▸ **EXTRACTED RECORDS**:
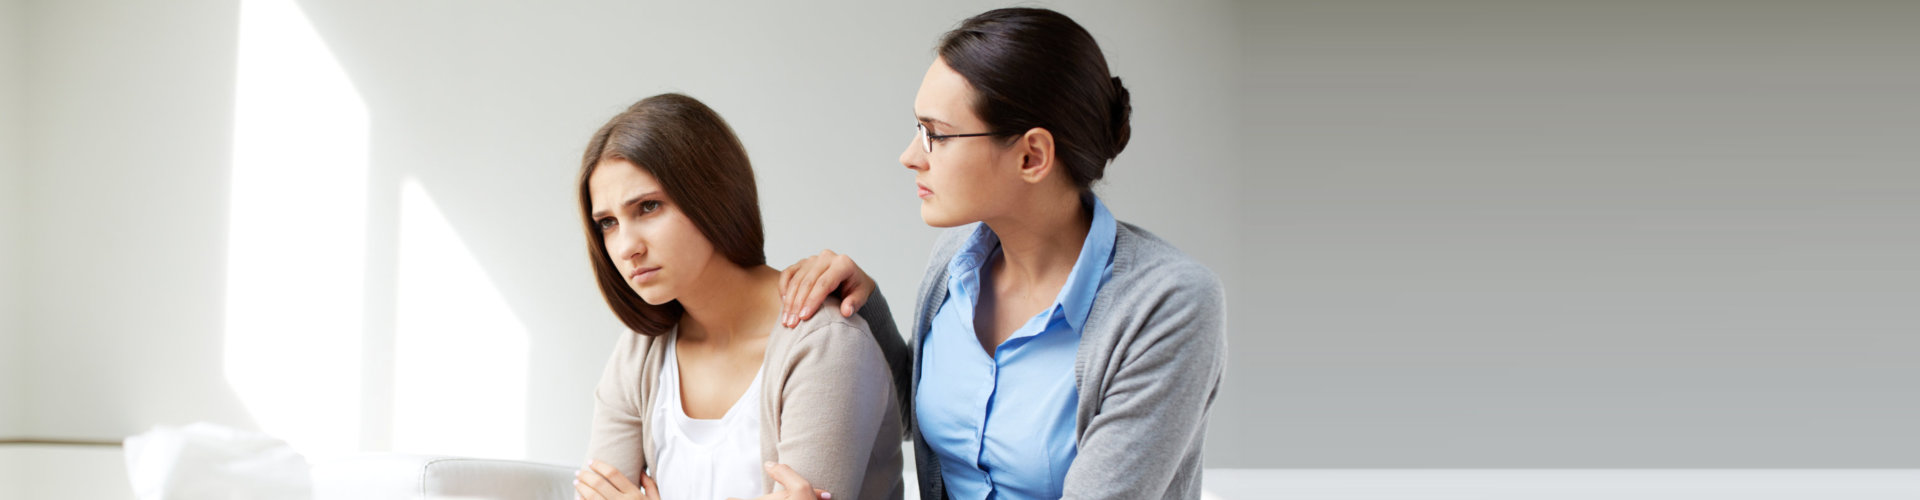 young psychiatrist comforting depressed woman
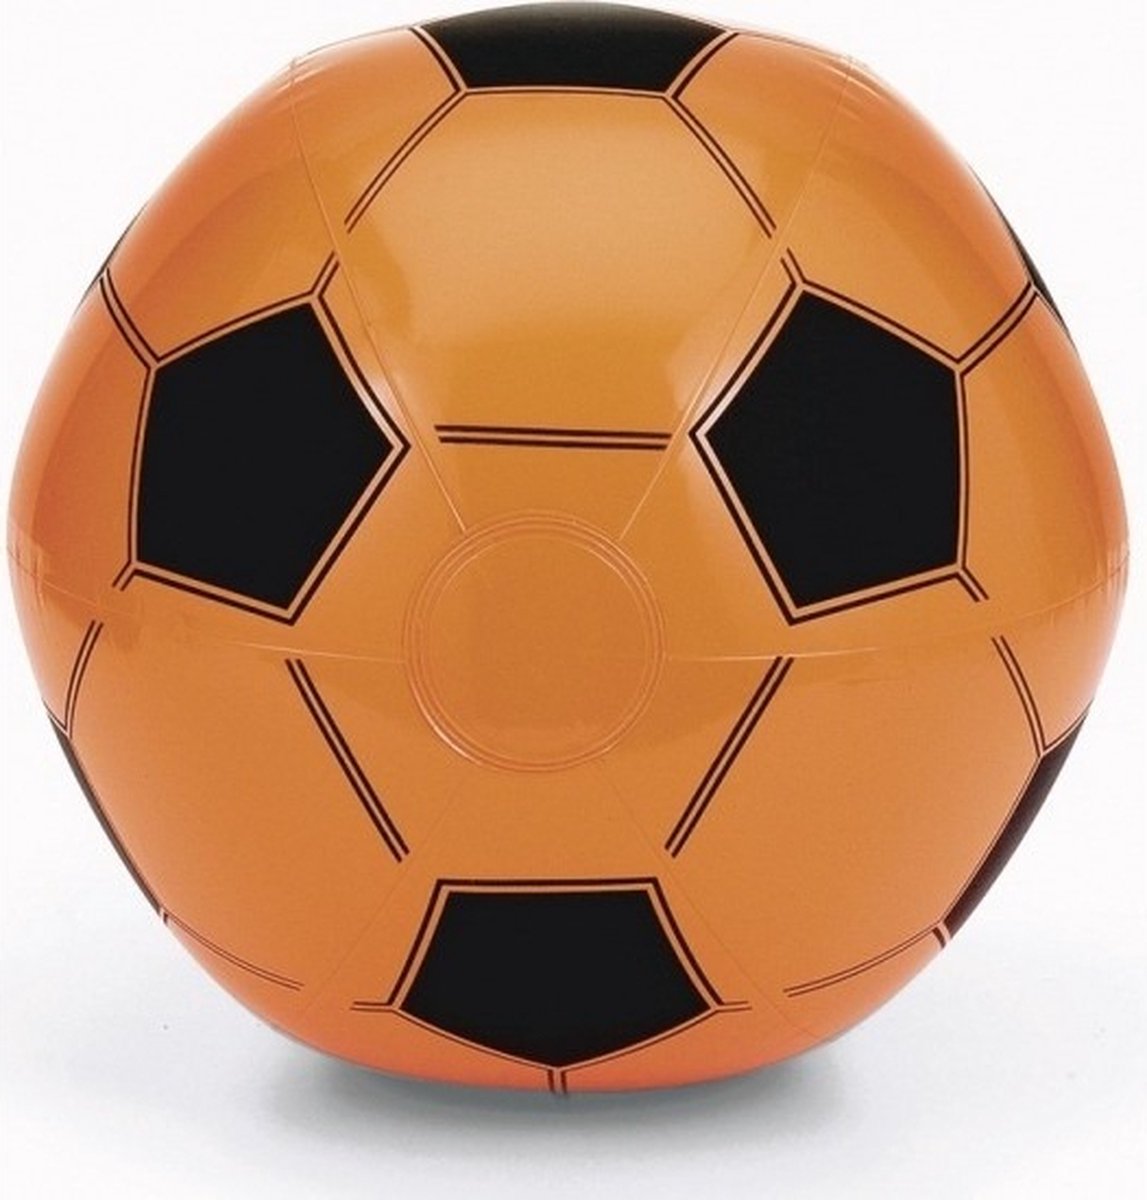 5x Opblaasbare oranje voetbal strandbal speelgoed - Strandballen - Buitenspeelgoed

==

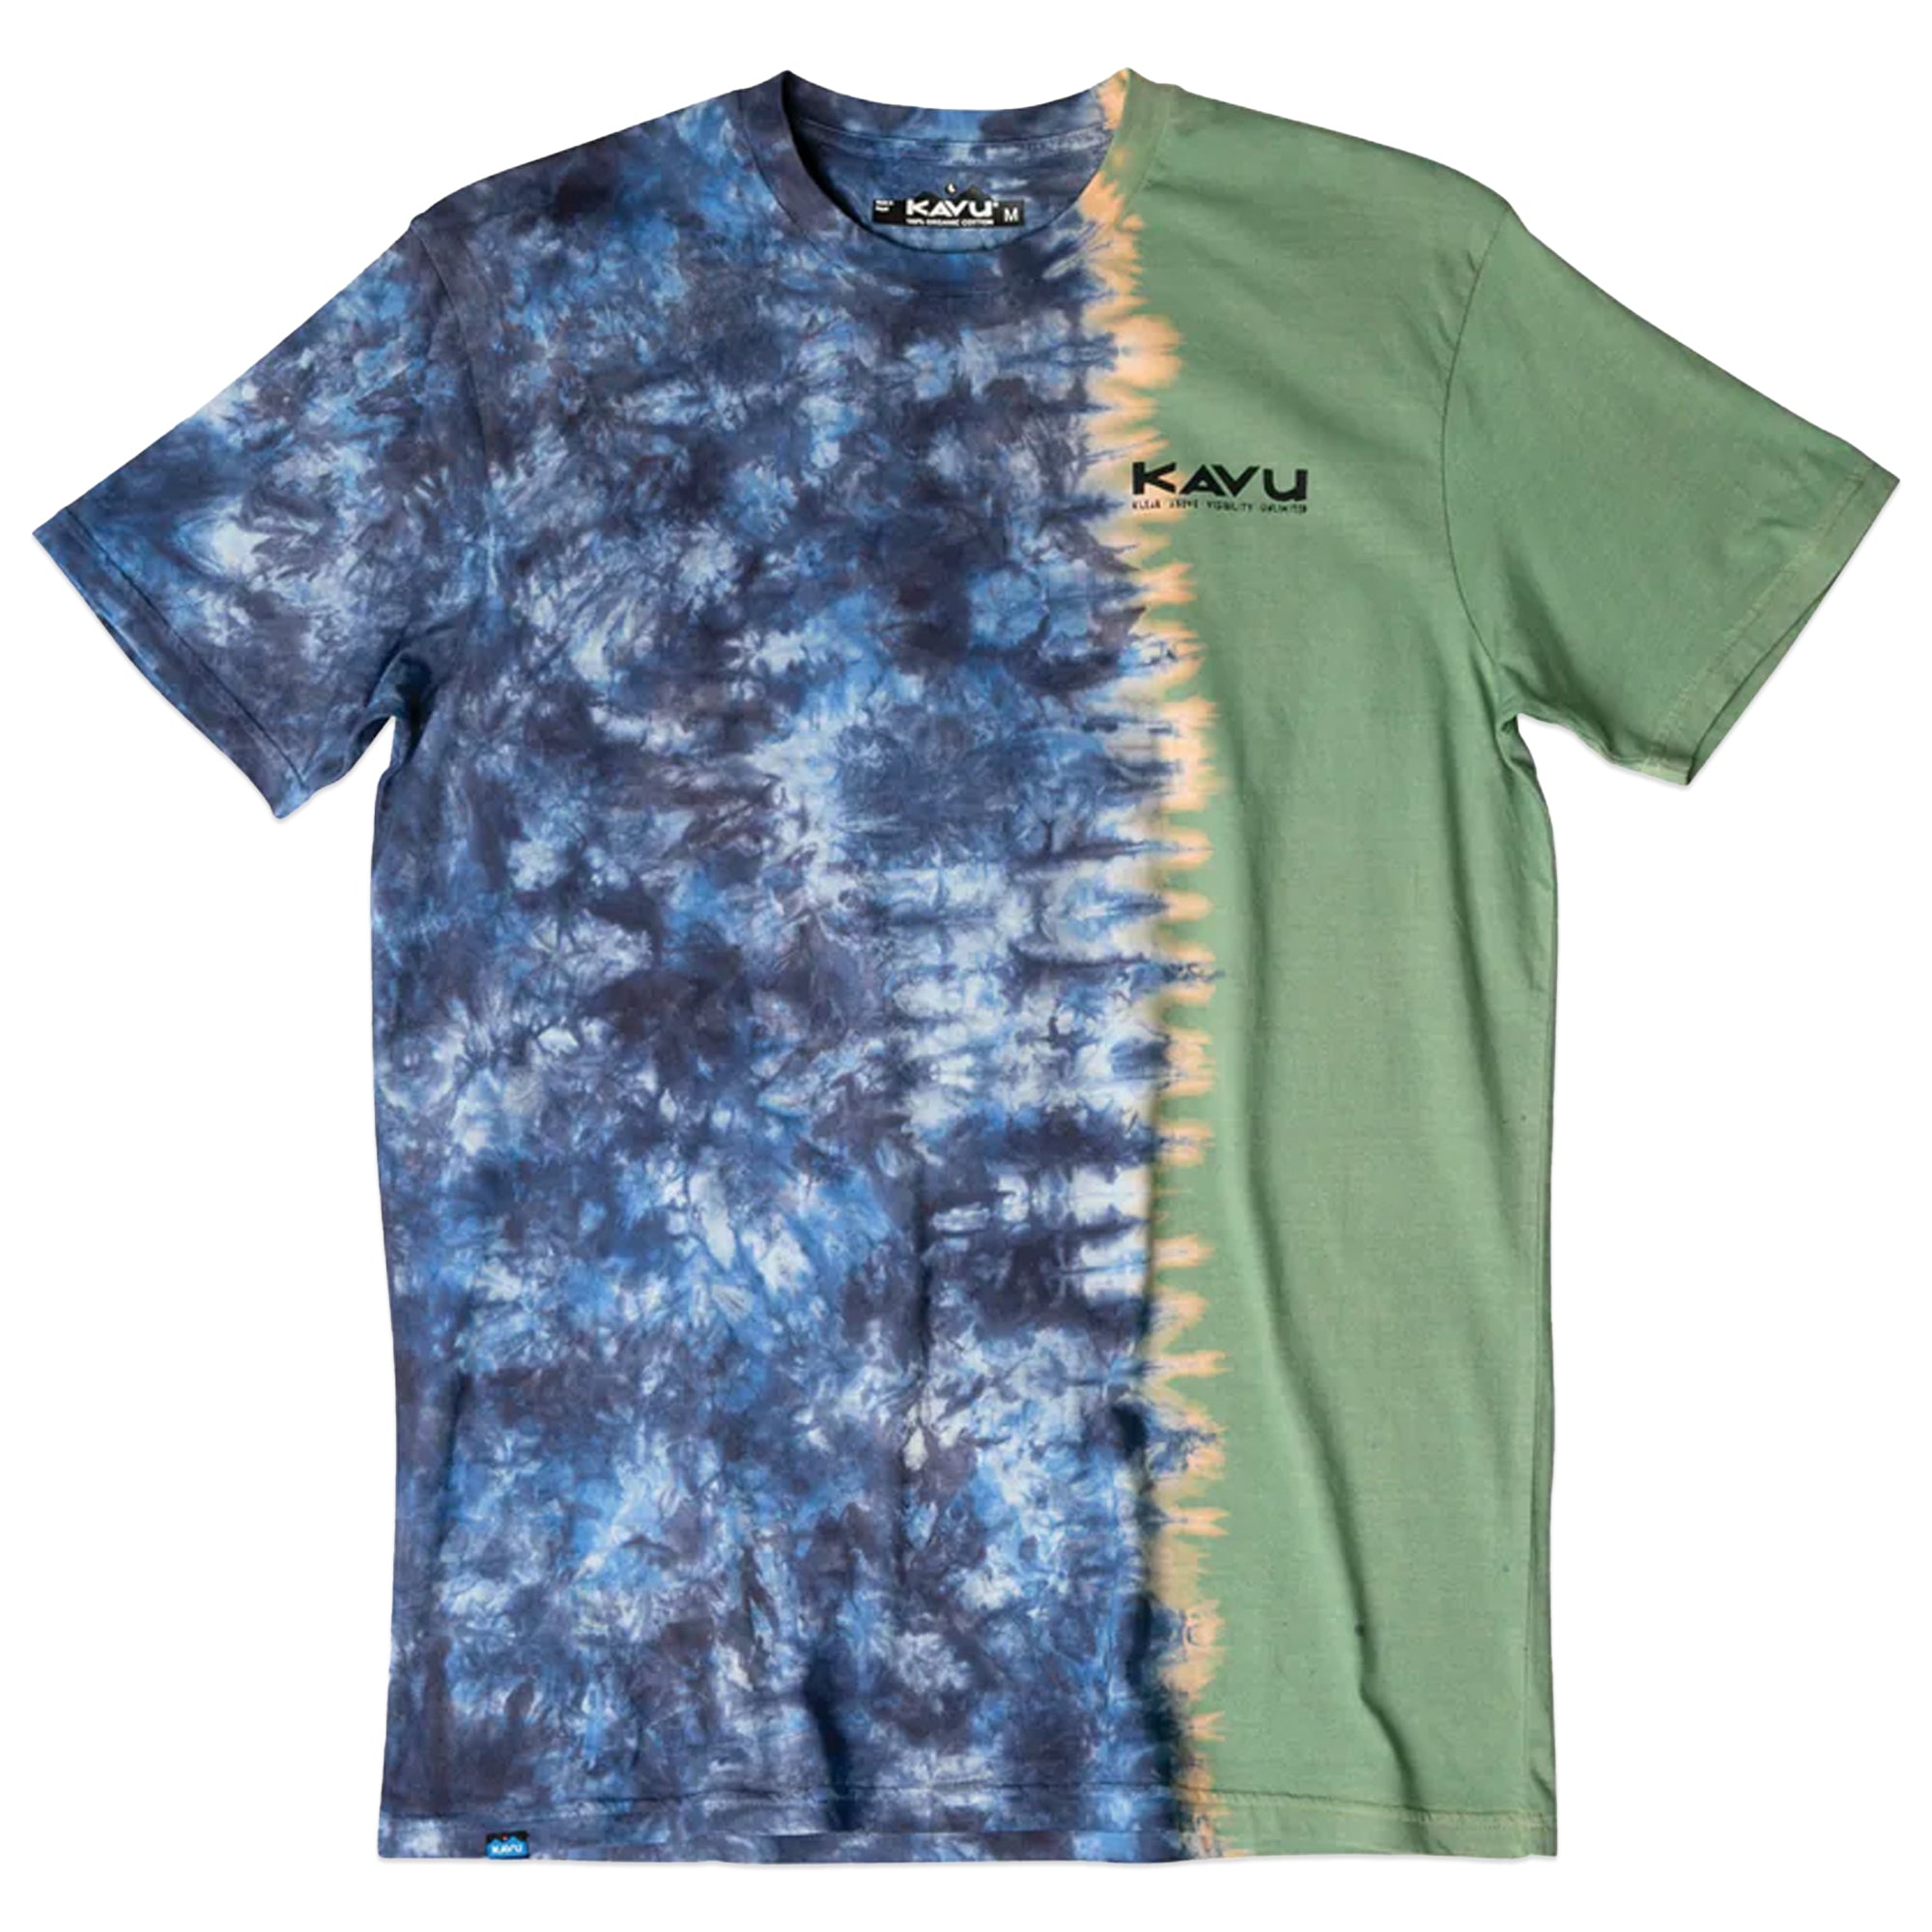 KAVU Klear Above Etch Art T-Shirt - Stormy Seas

---

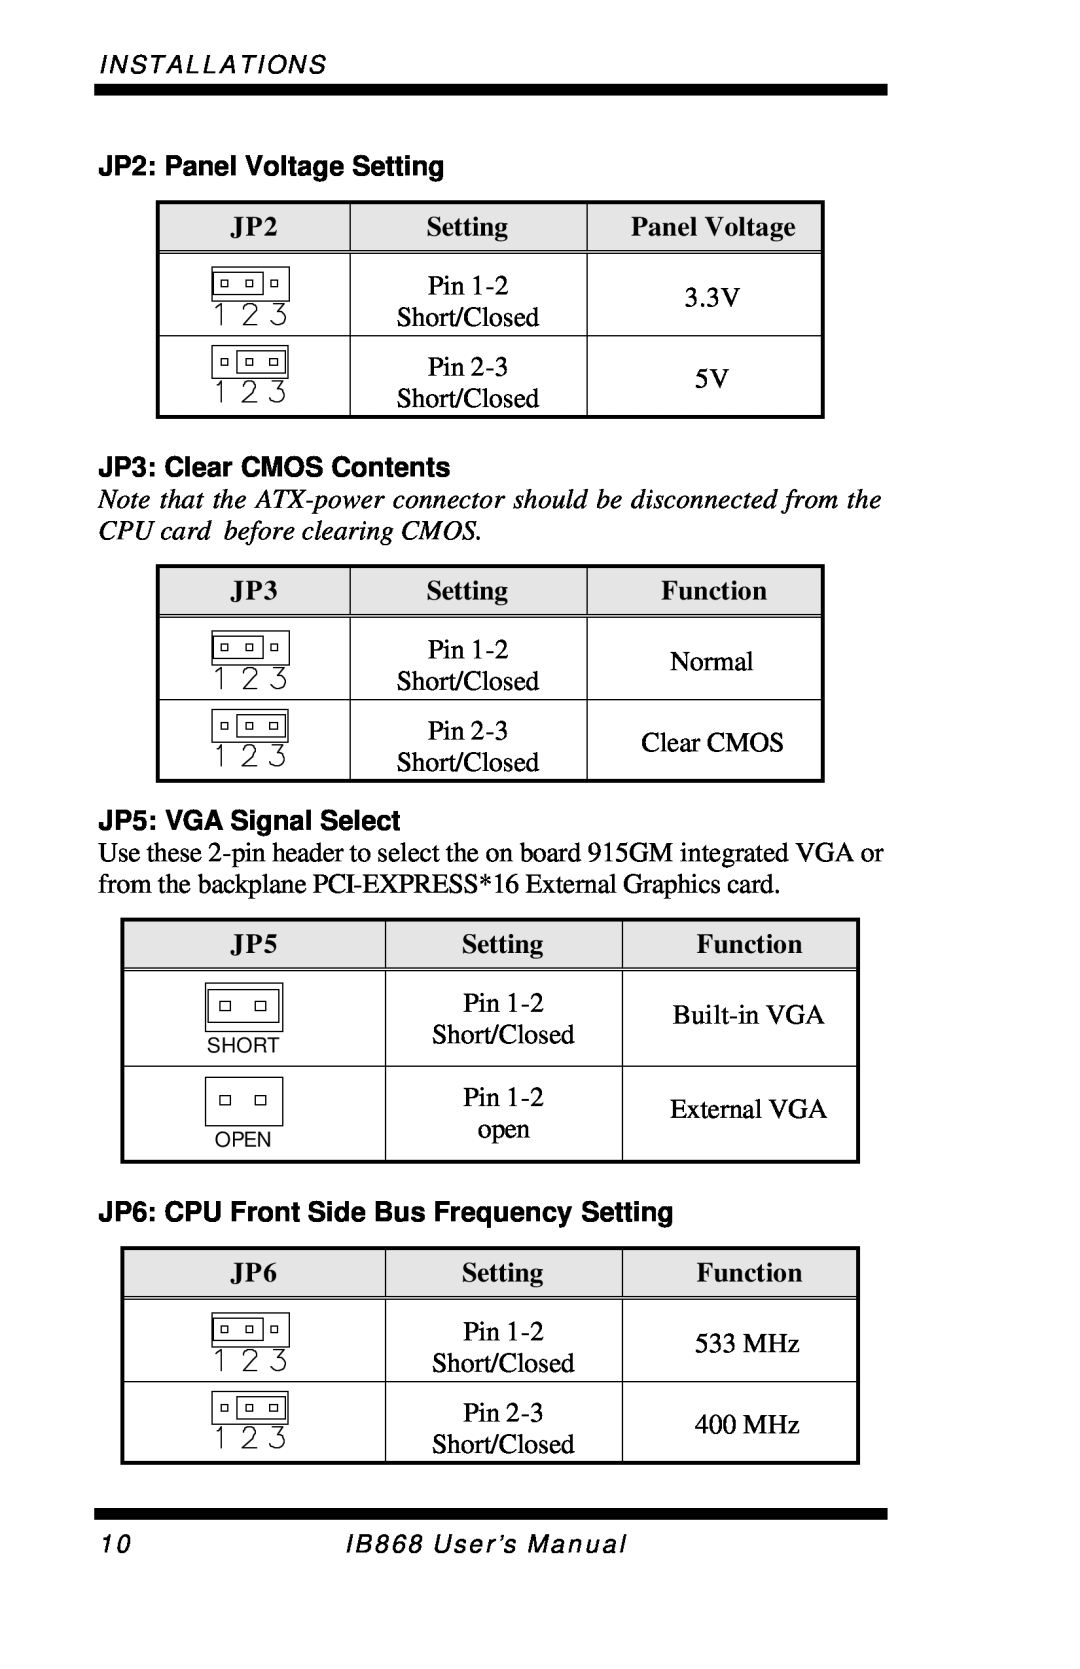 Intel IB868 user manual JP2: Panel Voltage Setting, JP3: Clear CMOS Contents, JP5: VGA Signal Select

▸ **WHAT YOU NEED TO DO**: Above are records; write out the lines from the one with "young psychiatrist comforting" down to the one with "5x Opblaasbare oranje", exactly, leaving the pictures out.

▸ **REPLY**:
 young psychiatrist comforting depressed woman
 5x Opblaasbare oranje voetbal strandbal speelgoed - Strandballen - Buitenspeelgoed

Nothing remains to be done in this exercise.